Hong Ki-Yeon, a Korean, a senior official with the national police agency, acknowledged that problem during a news conference Monday, saying police do not have an established way to deal with such gatherings.
“In events like festivals that have a specific organiser, discussions are made between related municipalities, police, fire departments and medical experts who prepare and cooperate under different roles,” Hong said. “That is what we lacked regarding this accident.”
Yongsan district refused to answer questions about preparations. District Mayor Park Hee-young instead said in a statement Monday that her office was deploying “all administrative resources” to support the injured and families of the victims.

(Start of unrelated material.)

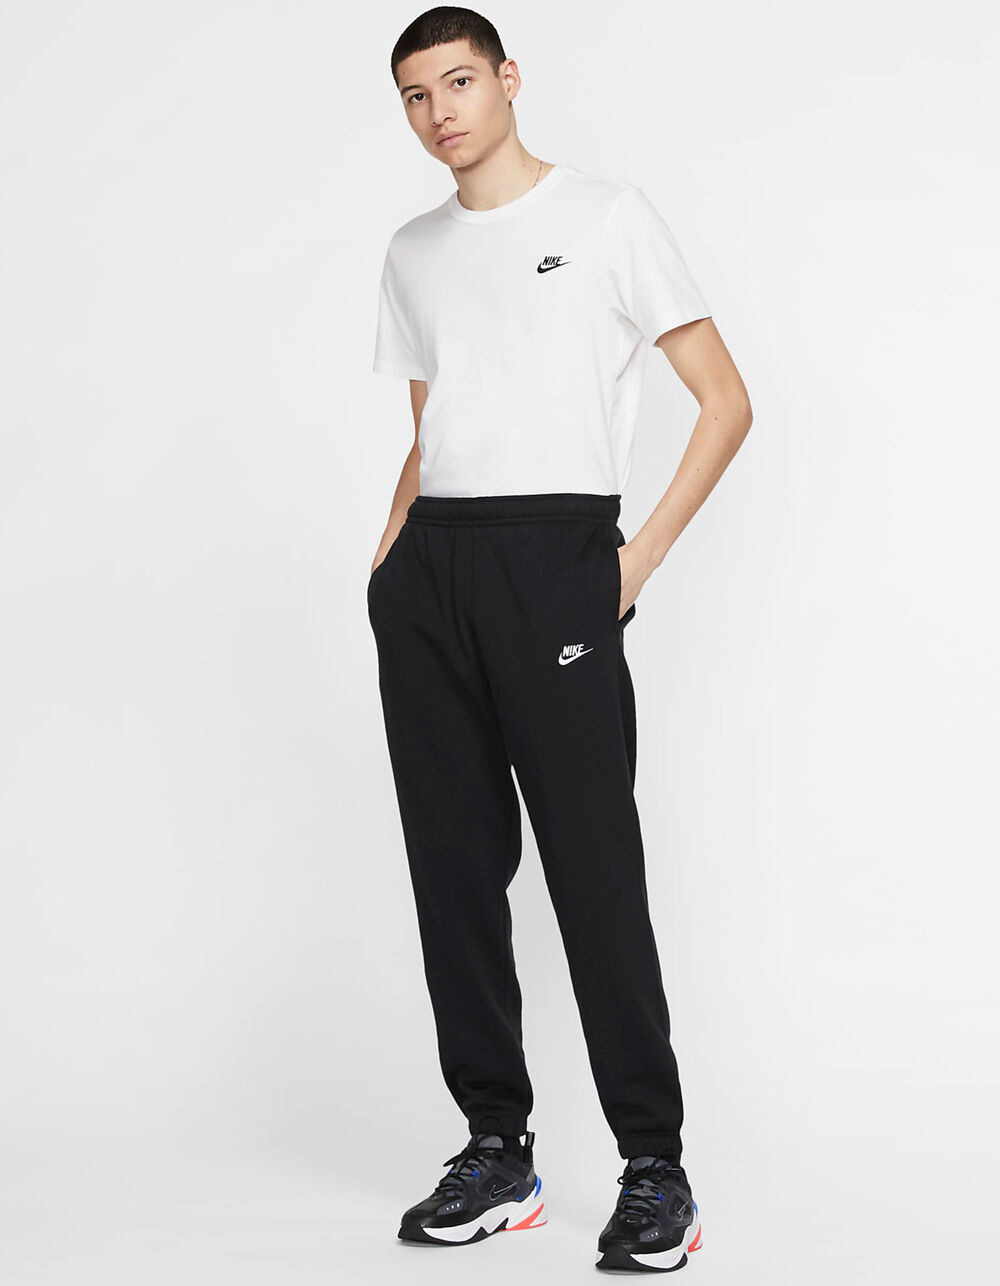 Nike Sportswear Club Fleece Jogger Pants - Black/White, Size M for

In the two previous years, the district’s preparations for the Halloween festivities were focused on preventing the spread of Covid-19 among partygoers. Workers toured bars, restaurants and nightclubs to monitor whether they were abiding by social distancing rules, and checkpoints were established in crowded areas where public workers and volunteers took the temperatures of partygoers.
Saturday’s crush was the country’s biggest disaster since 304 people, mostly high school students, died in a ferry sinking in April 2014. The sinking exposed lax safety rules and regulatory failures.
South Korea has a long history of deadly crowd crushes and stampedes, although none as deadly as Saturday’s. In 2005, 11 people were killed and dozens were injured in a pop concert during a crowd crush in the southern city of Sangju.
In 1960, 31 people died after being crushed on the stairs of a train station as large crowds rushed to board a train during the Lunar New Year holidays.